— Ты…
— Для меня всё это тяжело – семья, дети. Шаг, на который я бы никогда не пошёл добровольно… но в тебе я увидел что-то… что стоило этого, понимаешь? Ты стоишь того, чтобы рискнуть и идти против своих страхов. Нам ещё понадобиться время, чтобы притереться друг к другу, но у нас в запасе целая жизнь. Я не обещаю тебе исправиться и не клянусь… быть самым любящим. Но я буду надёжным настолько, насколько смогу и сделаю всё для нашей стаи. Ты моя волчица и я тебя признал. Это…
— …много значит, — договаривает за него его жена.
Она понимает. По крайней мере ей кажется, что сейчас она понимает Питера. Потому что до всего этого не смотрела на ситуацию его глазами. Стайлз лишилась матери будучи ребёнком, но та умерла от болезни. А Питер лишился всей семьи за одну ночь и он видел, как они умирали.
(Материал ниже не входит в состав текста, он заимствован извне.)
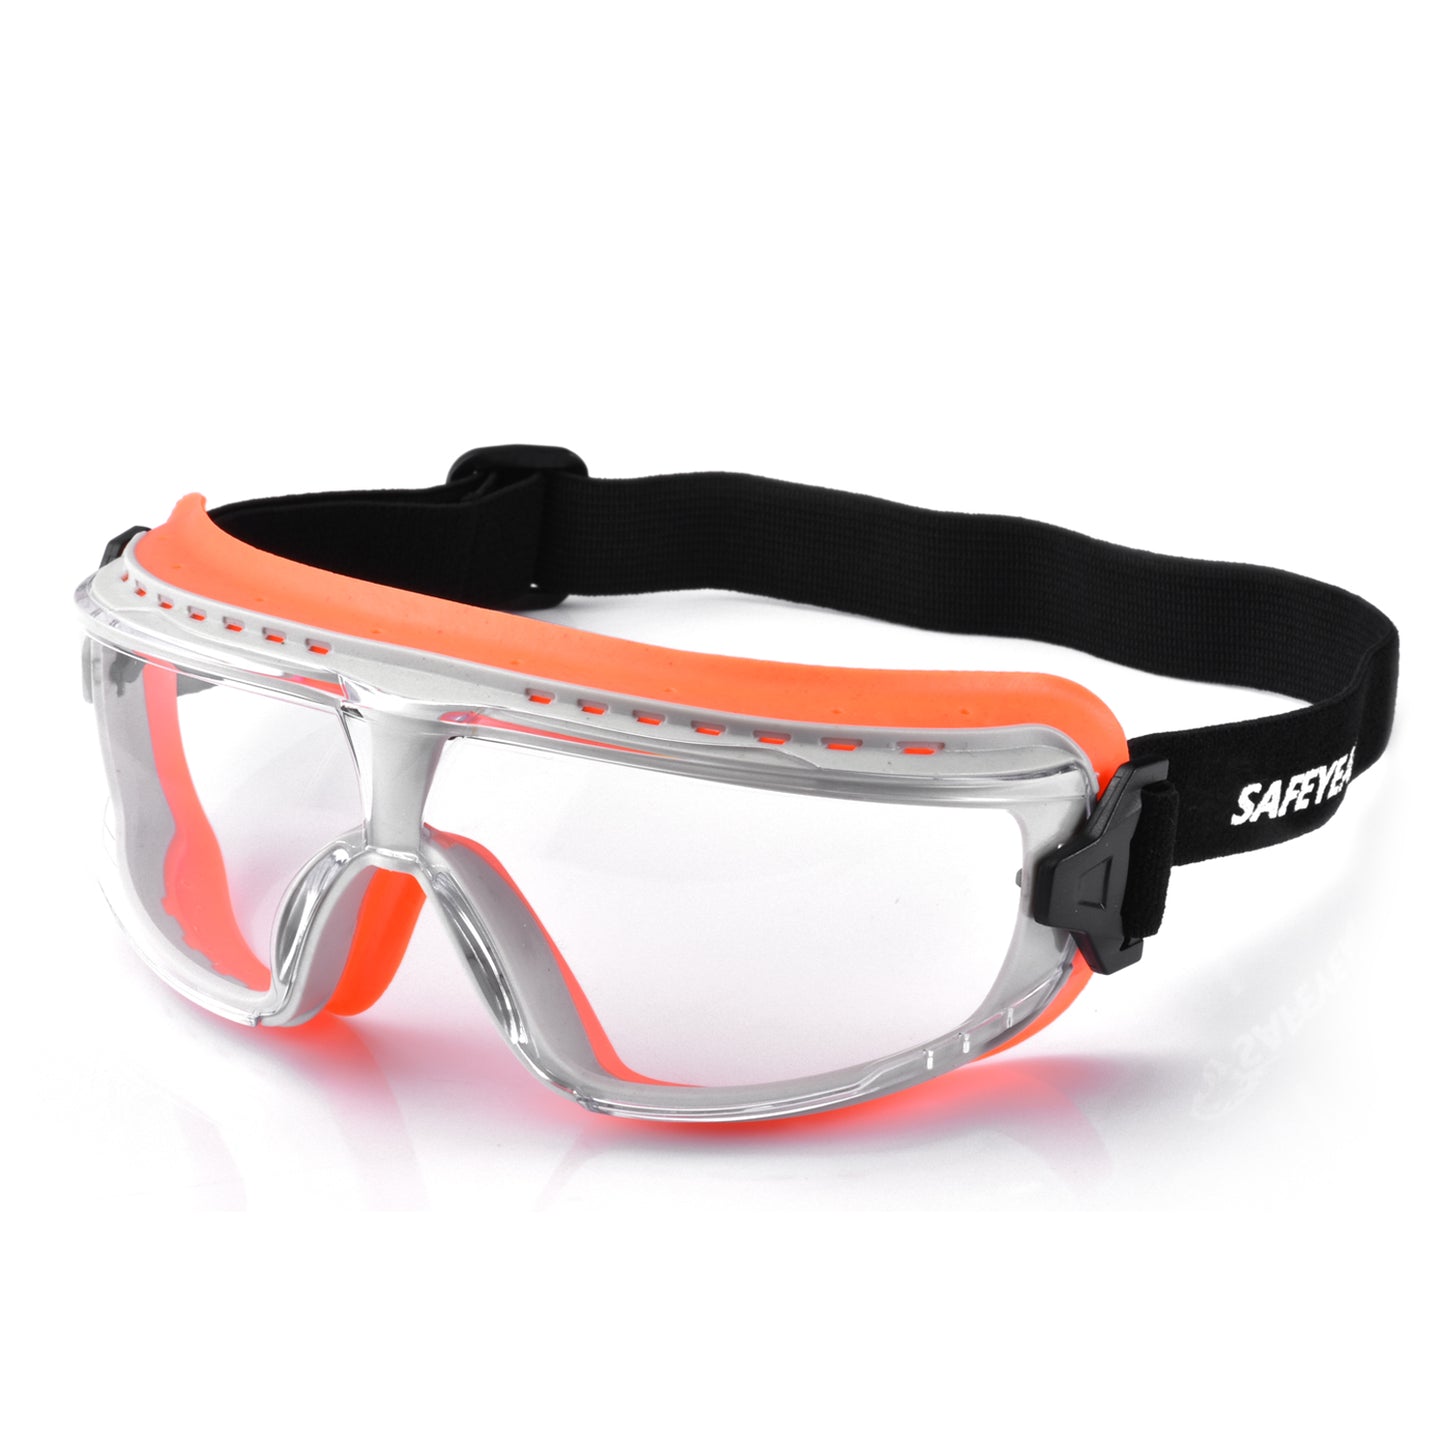 SAFEYEAR Safety Glasses Anti Fog Safety Work Goggles【ANSI Z87.1】Scratch Resistant HD Lens UV400 Protection Adjustable Strap Frame Style 360 EYE Protection
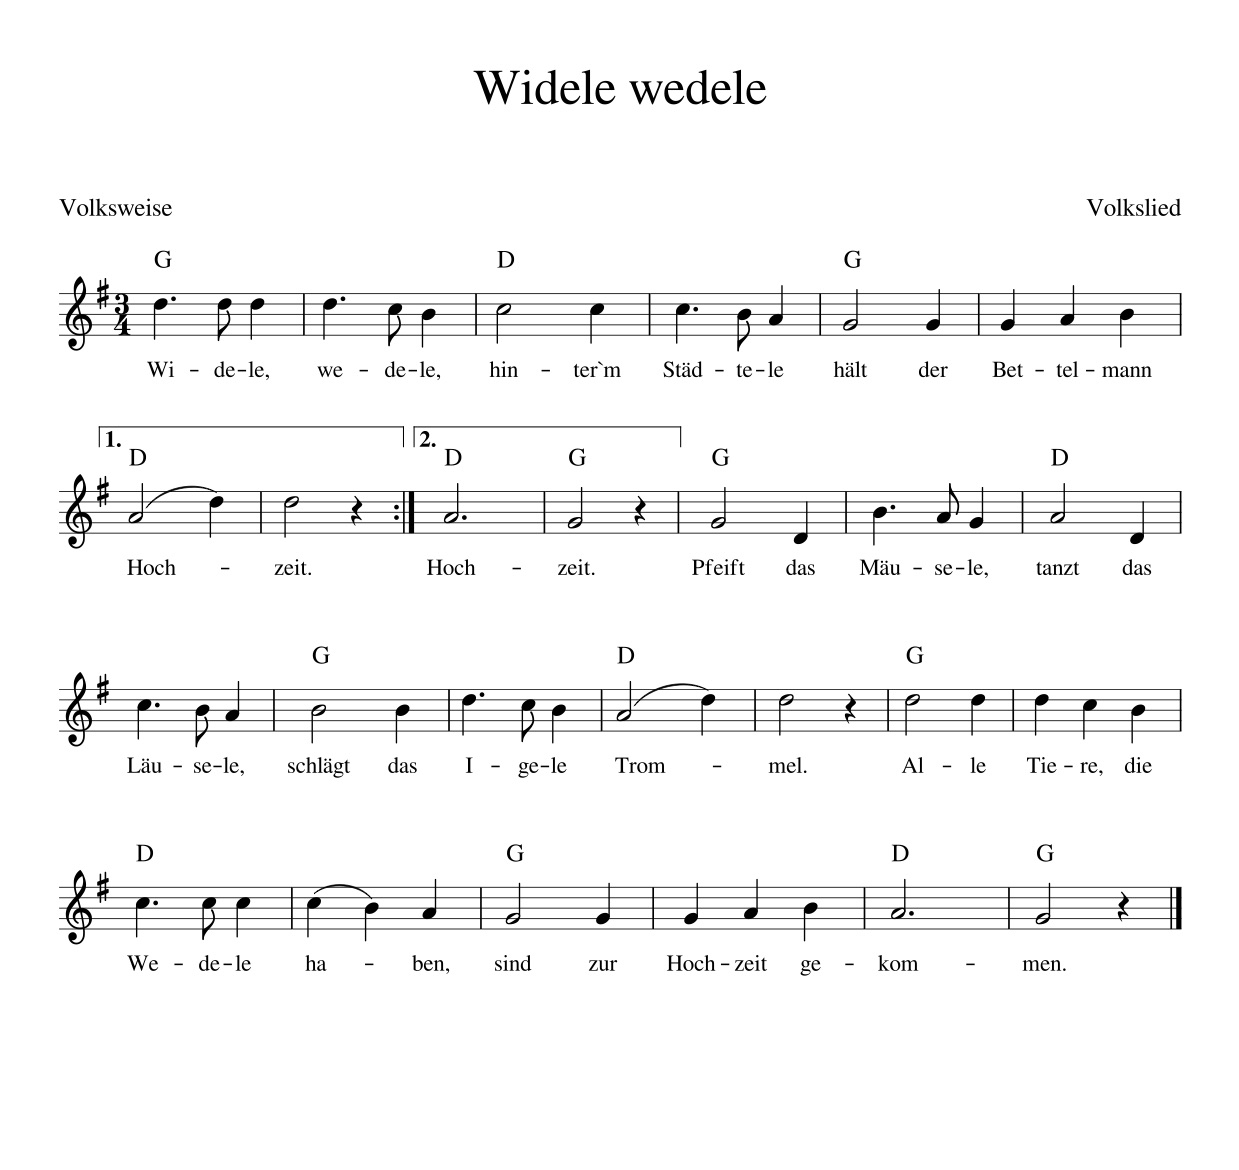 Widele_wedele

И он жил с осознанием, что ничего не смог сделать.
И создавать новую семью, видя собственными глазами, что сделали с твоей прошлой – это действительно тяжёлый шаг.
— Да, малышка, — Питер притягивает её к себе и целует.
И Стайлз чувствует себя одновременно счастливой и глупой.
Глупой из-за того, как повела себя, что поставила всех на уши, чуть в конец не перессорила своего мужа и отца, повела себя так по-девчачьи, слишком уж по-девчачьи, хотя считала себя выше каких-то мелких истерик.
А счастливой из-за того, что для Питера она не пустой звук и… она не может требовать от него чего-то большего, они ведь не любили друг друга до свадьбы, да и сам брак был вынужденным, но теперь у Стайлз была уверенность, что всё это ещё может оказаться чем-то счастливым и прекрасным.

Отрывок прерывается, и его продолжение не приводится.